--- What is expected ---
A verbatim transcription of the listing below is required, without its pictures.

--- Data excerpt ---
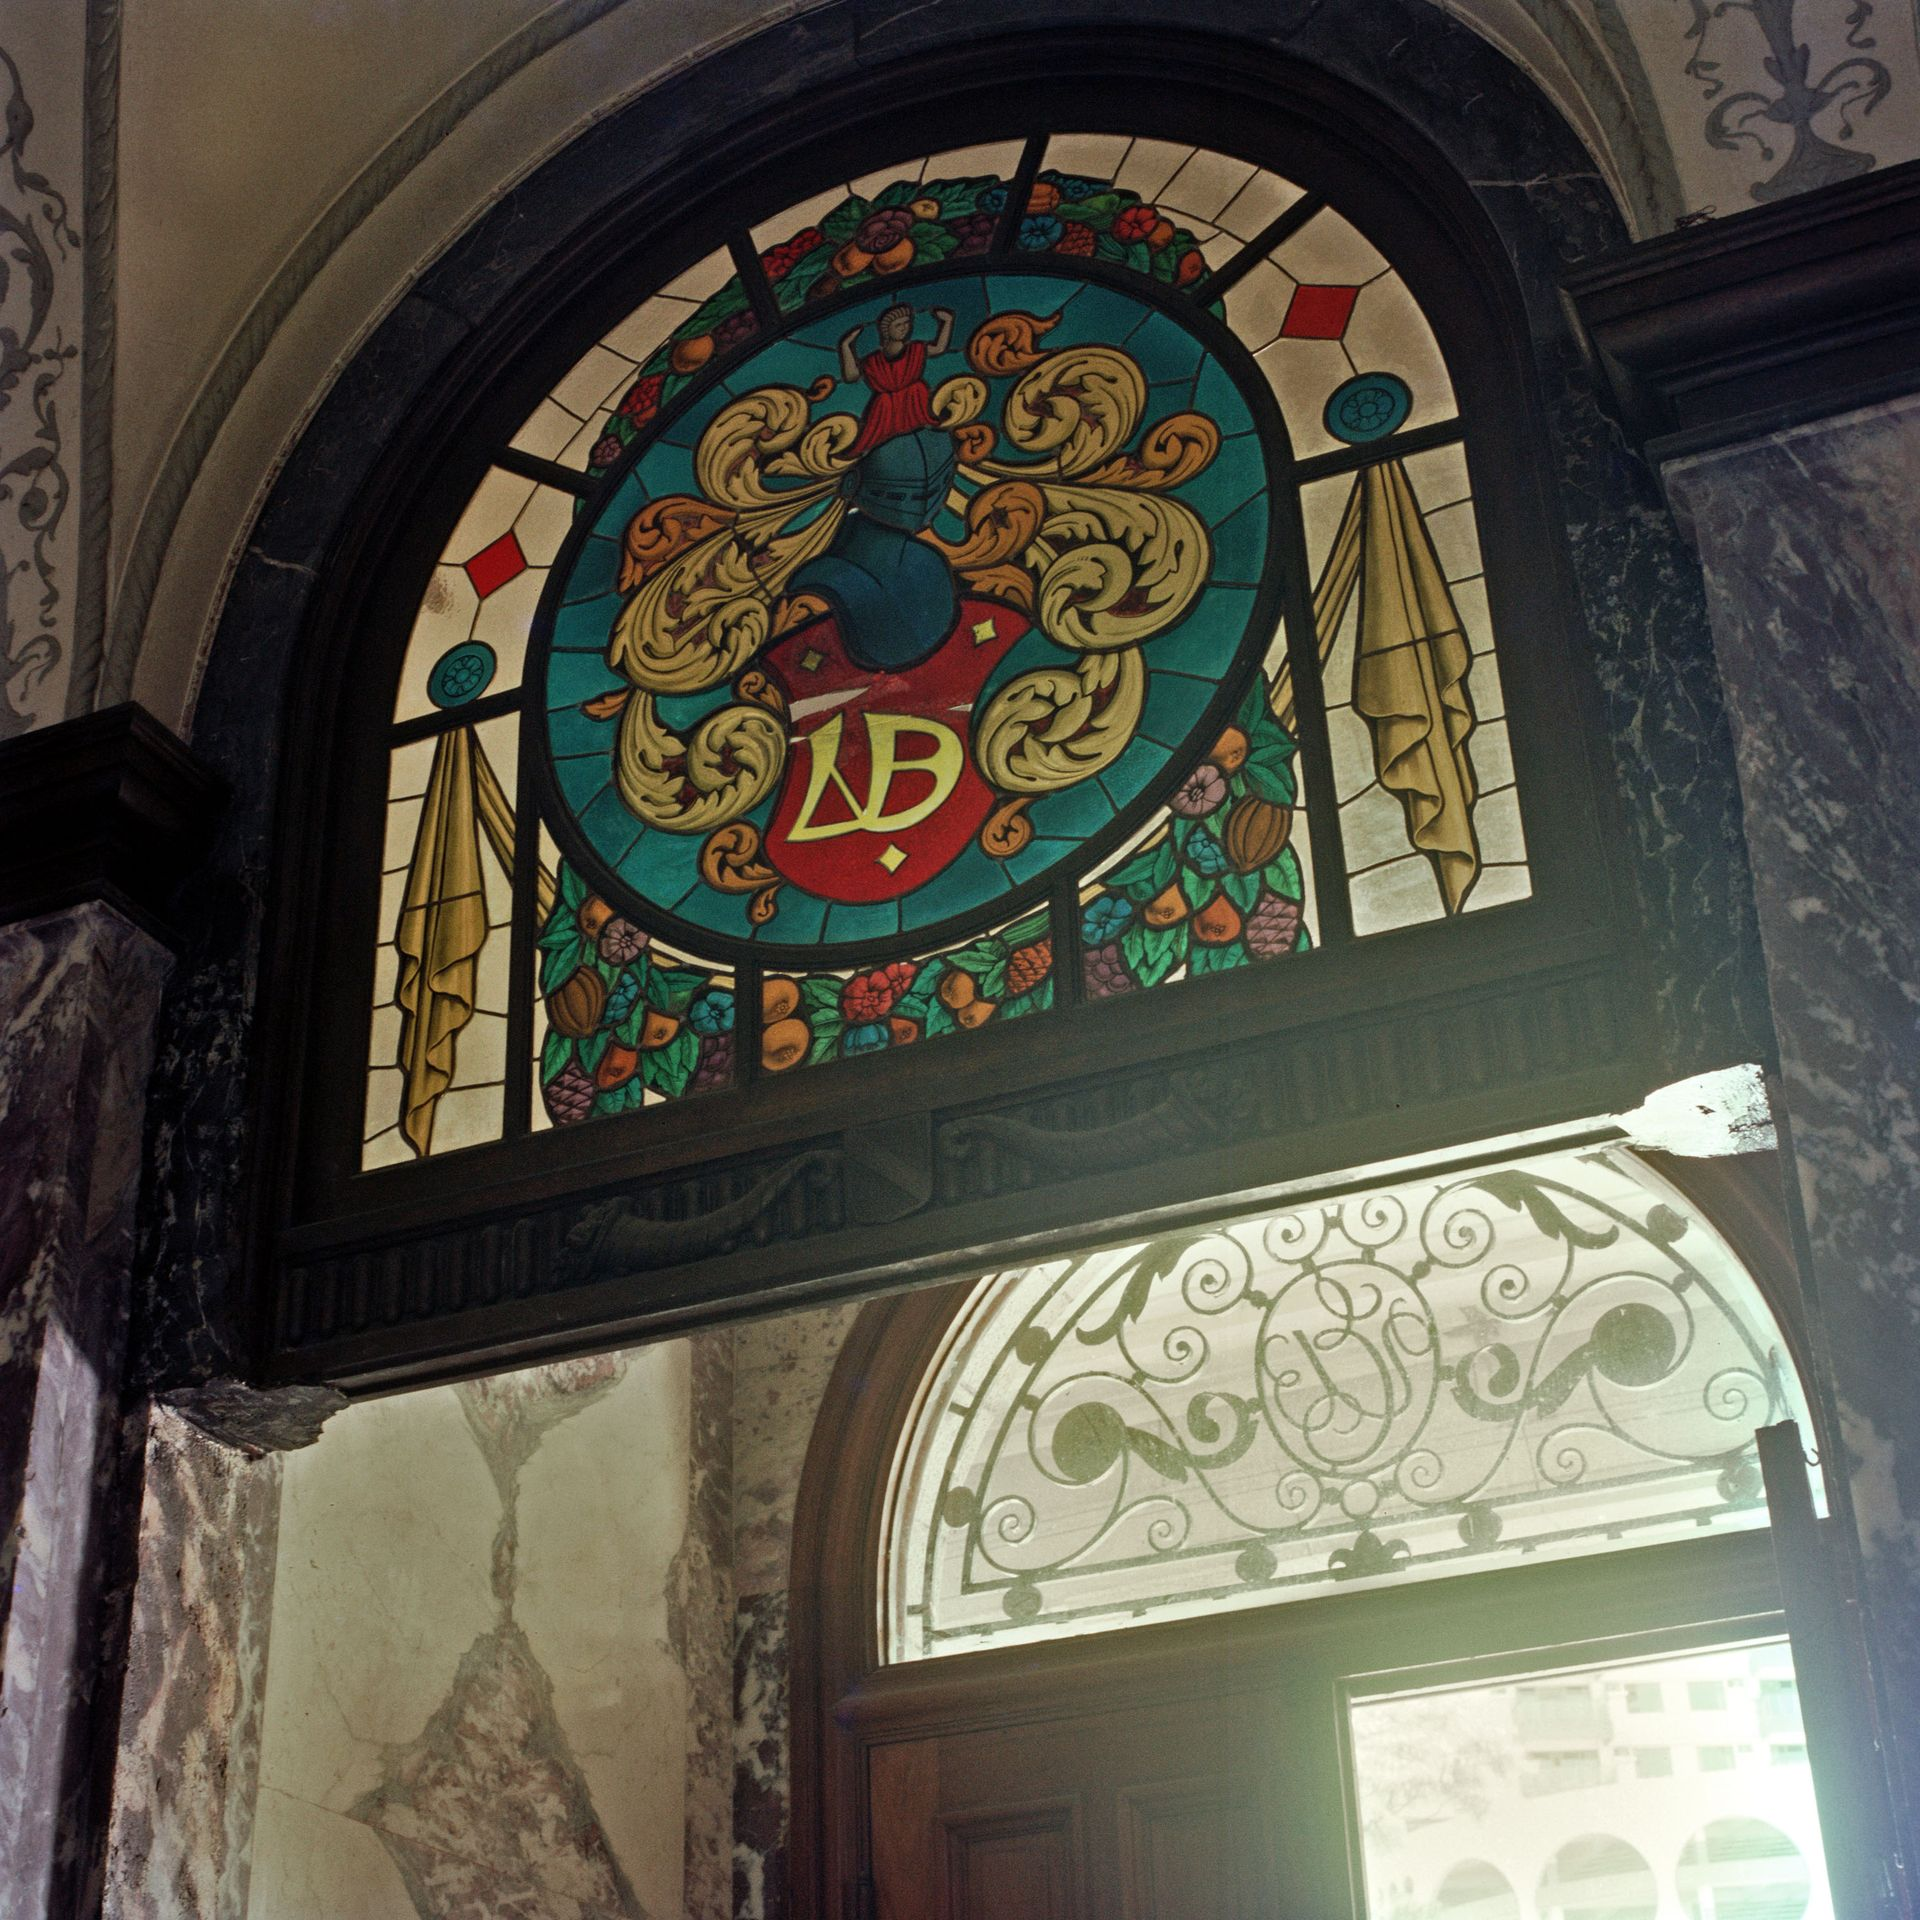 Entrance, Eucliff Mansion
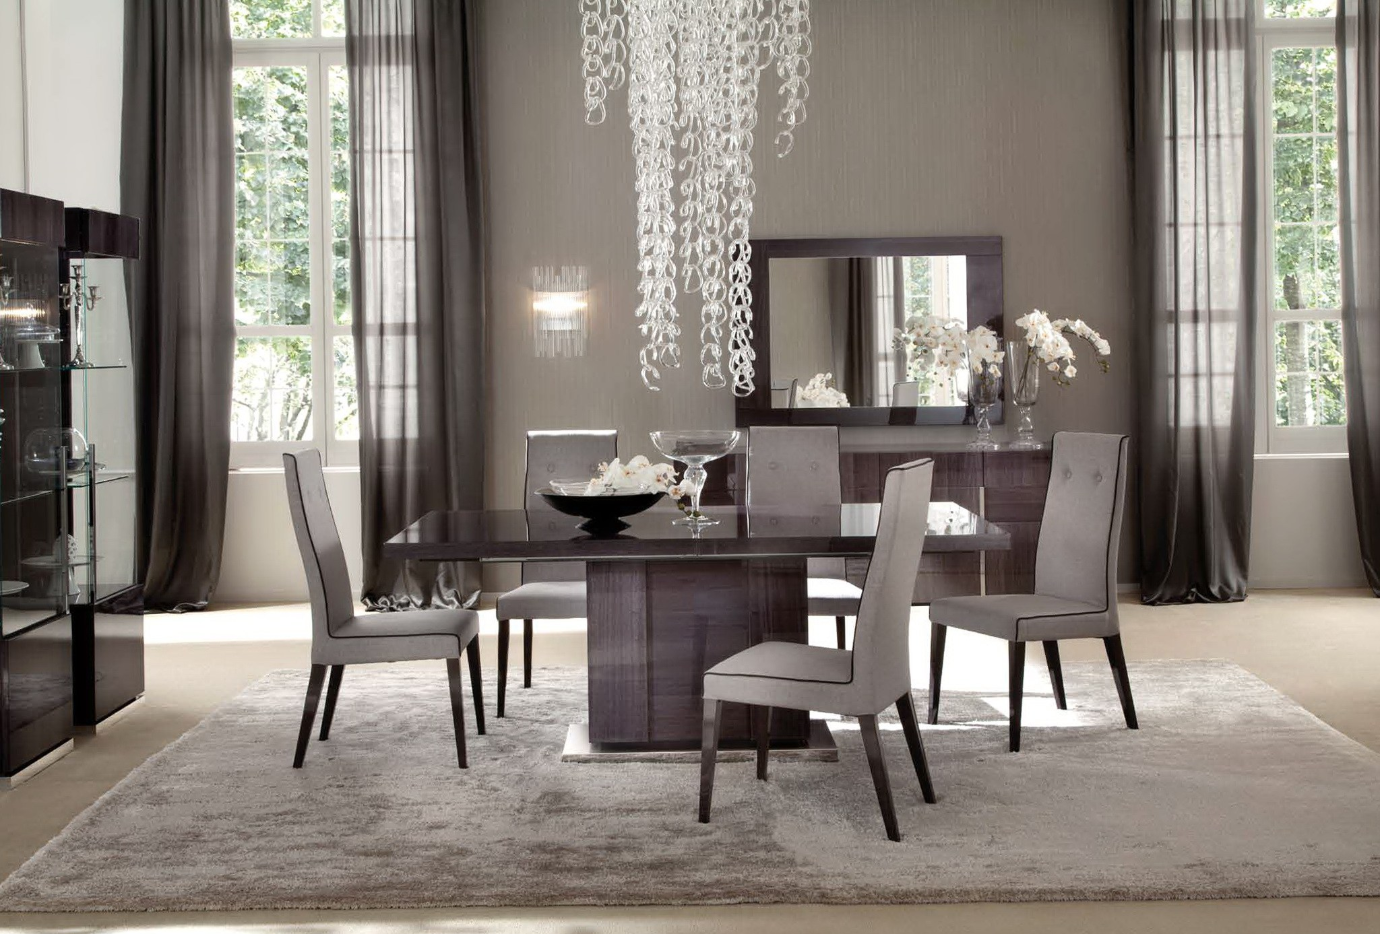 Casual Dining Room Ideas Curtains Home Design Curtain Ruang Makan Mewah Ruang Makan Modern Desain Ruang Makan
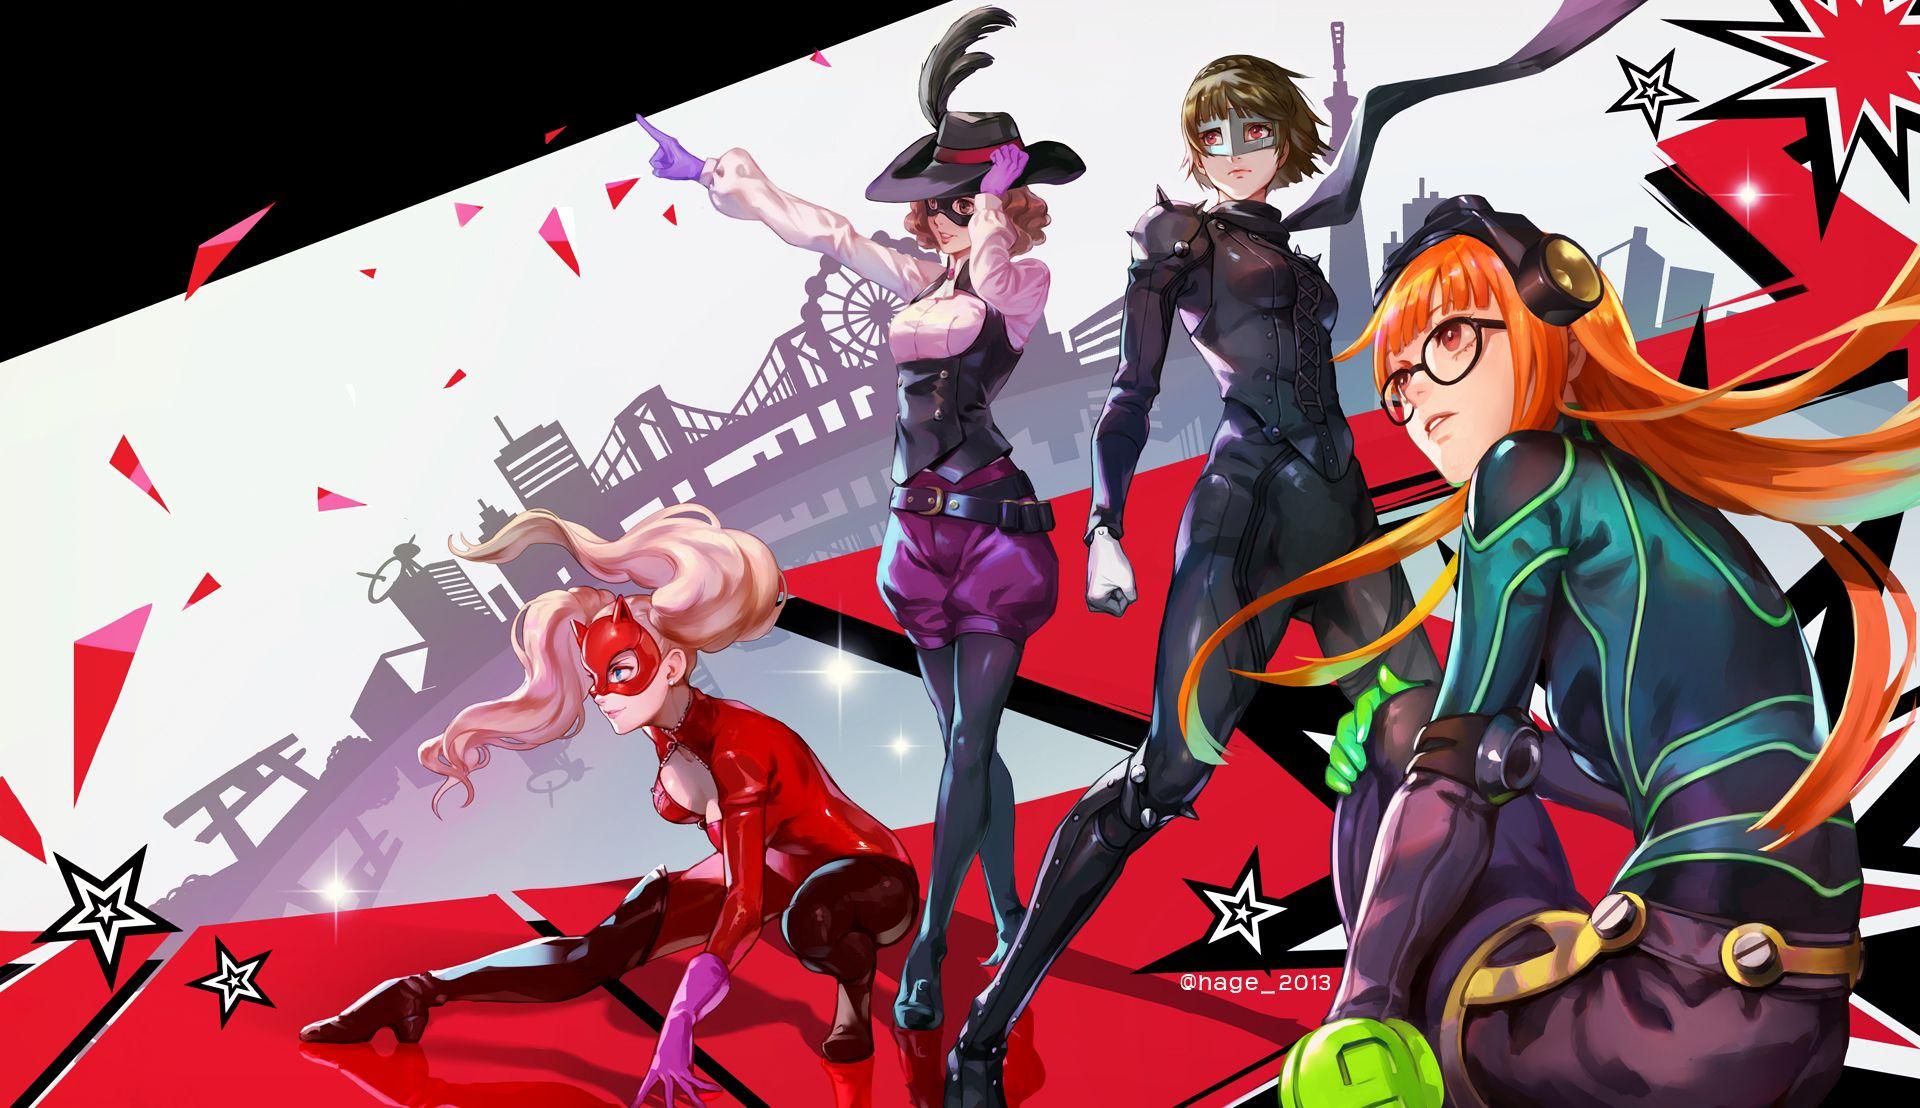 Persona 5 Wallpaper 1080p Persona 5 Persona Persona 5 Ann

--- Answer section ---
 Entrance, Eucliff Mansion
 Casual Dining Room Ideas Curtains Home Design Curtain Ruang Makan Mewah Ruang Makan Modern Desain Ruang Makan
 Persona 5 Wallpaper 1080p Persona 5 Persona Persona 5 Ann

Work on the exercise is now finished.